Significance. If the asymptotic selection property can be rigorously established, the framework would supply a tunable robust alternative to ELPD-based predictive model comparison. The empirical illustrations already show that altering the scoring rule can change selected models, which is of practical interest in misspecified settings. However, the absence of any derivation, regularity conditions, or quantitative verification of the generalized posterior concentration undermines the central claim and therefore the current significance of the contribution.

major comments (2)

[Abstract] Abstract: The asymptotic selection claim (“the procedure asymptotically selects the model whose predictive distribution is closest to the data-generating process under the chosen Bregman divergence”) is stated without any derivation, reference to a theorem, or list of regularity conditions (compactness of parameter space, uniform integrability of the score, uniqueness of the minimizer, ergodicity of the data process).

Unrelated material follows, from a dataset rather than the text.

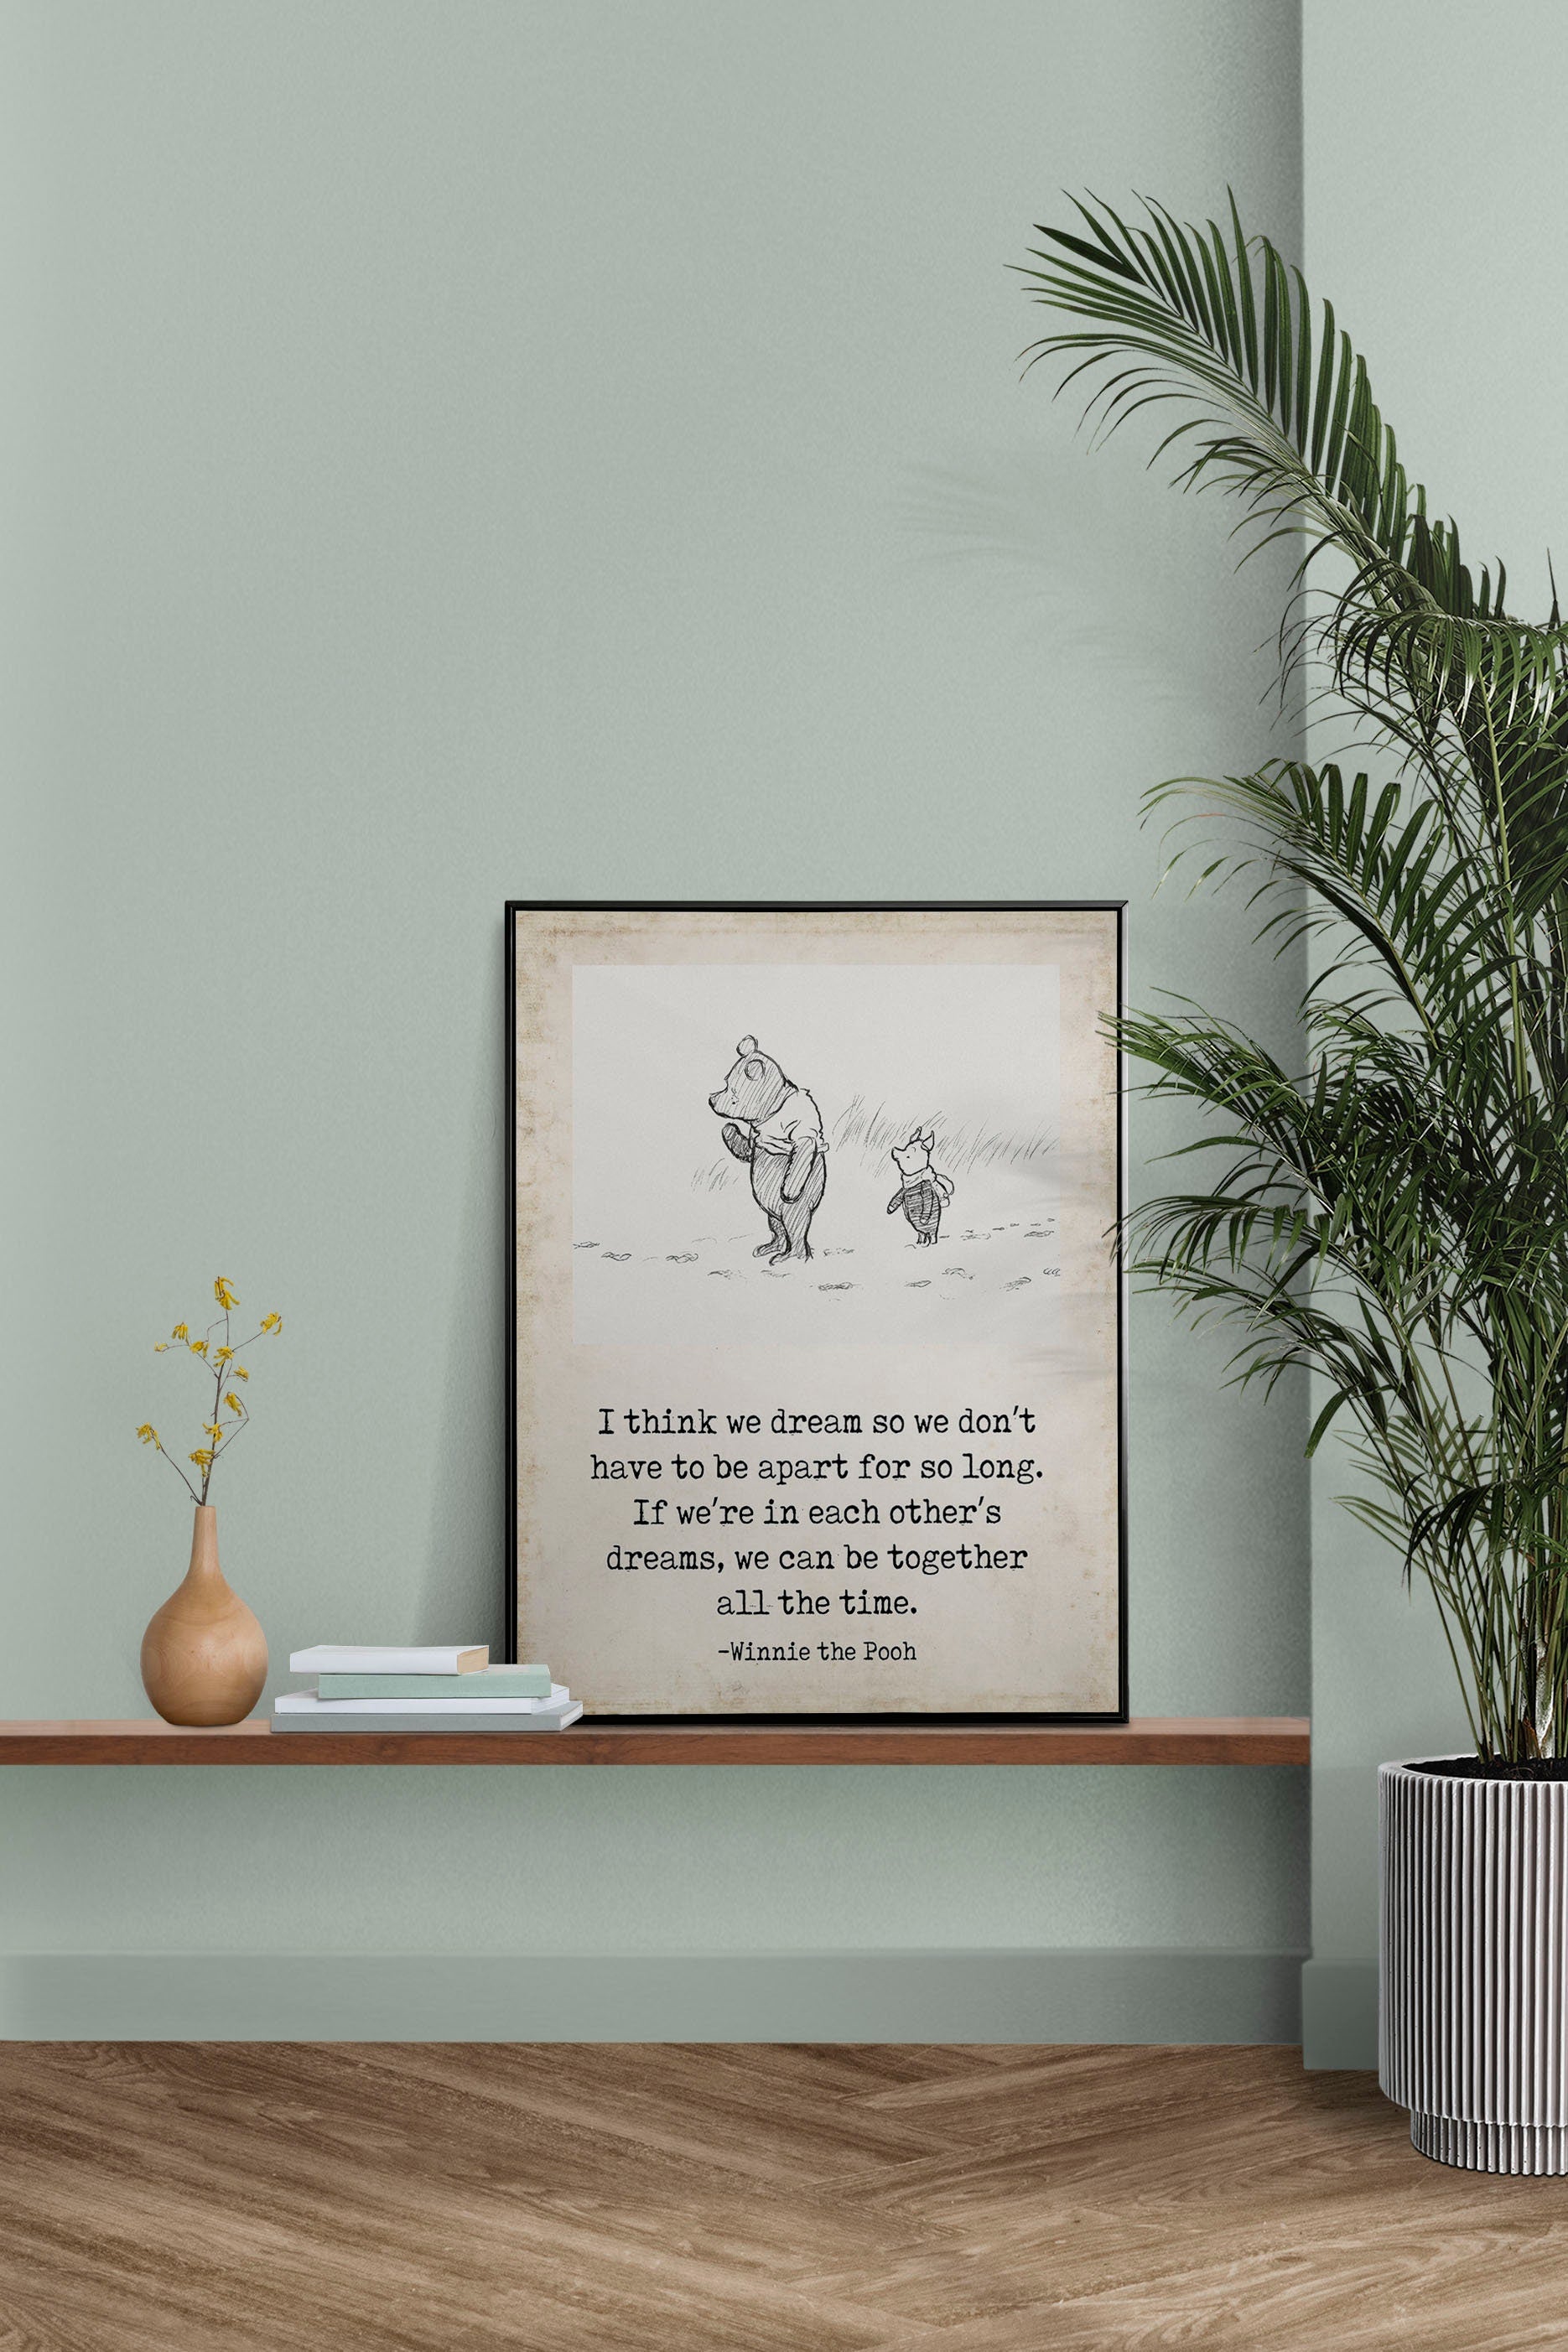 I Think We Dream Winnie the Pooh Quote Unframed or Framed Nursery Wall Art Prints in Vintage Style with Pooh & Piglet Drawing, AA Milne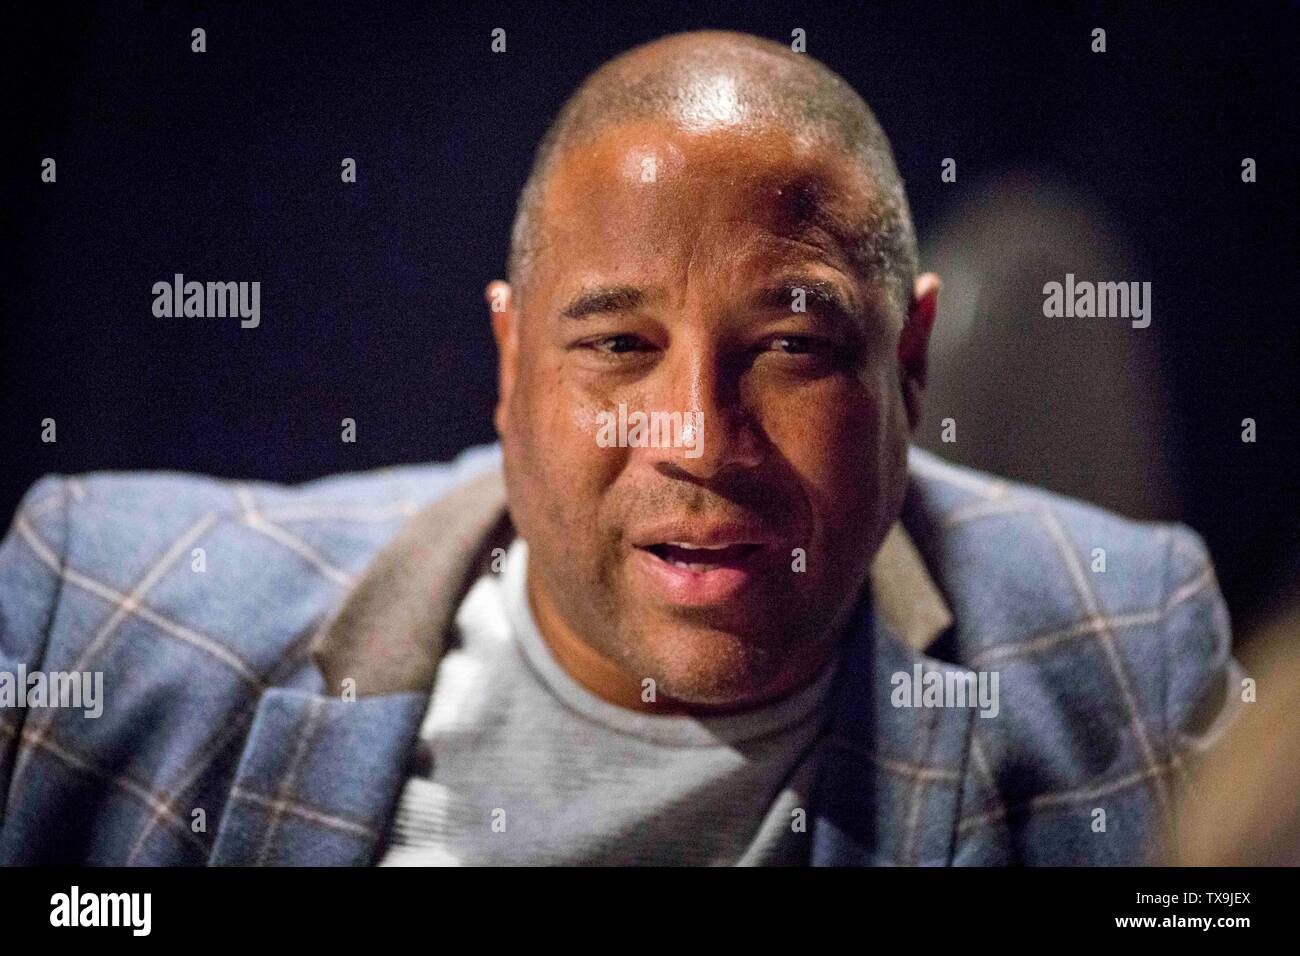 John Barnes at a Remain (anti Brexit) rally in Leeds Stock Photo

This is the load-bearing theoretical result; its absence prevents assessment of whether the generalized posterior and LOO utility ranking are consistent for the divergence minimizer.
[Abstract / Method description] The construction of the generalized posterior via replacement of the log score by the Bregman scoring rule is described only at a high level; no explicit form of the generalized posterior, no proof that it concentrates at the expected-score minimizer, and no discussion of how the β parameter enters the posterior are supplied. These steps are required for the subsequent LOO ranking argument.

minor comments (1)

[Abstract] The phrase “score-matched generalized ELPD framework” is introduced without a precise definition or equation linking the Bregman score to the leave-one-out utility; a short clarifying equation would improve readability.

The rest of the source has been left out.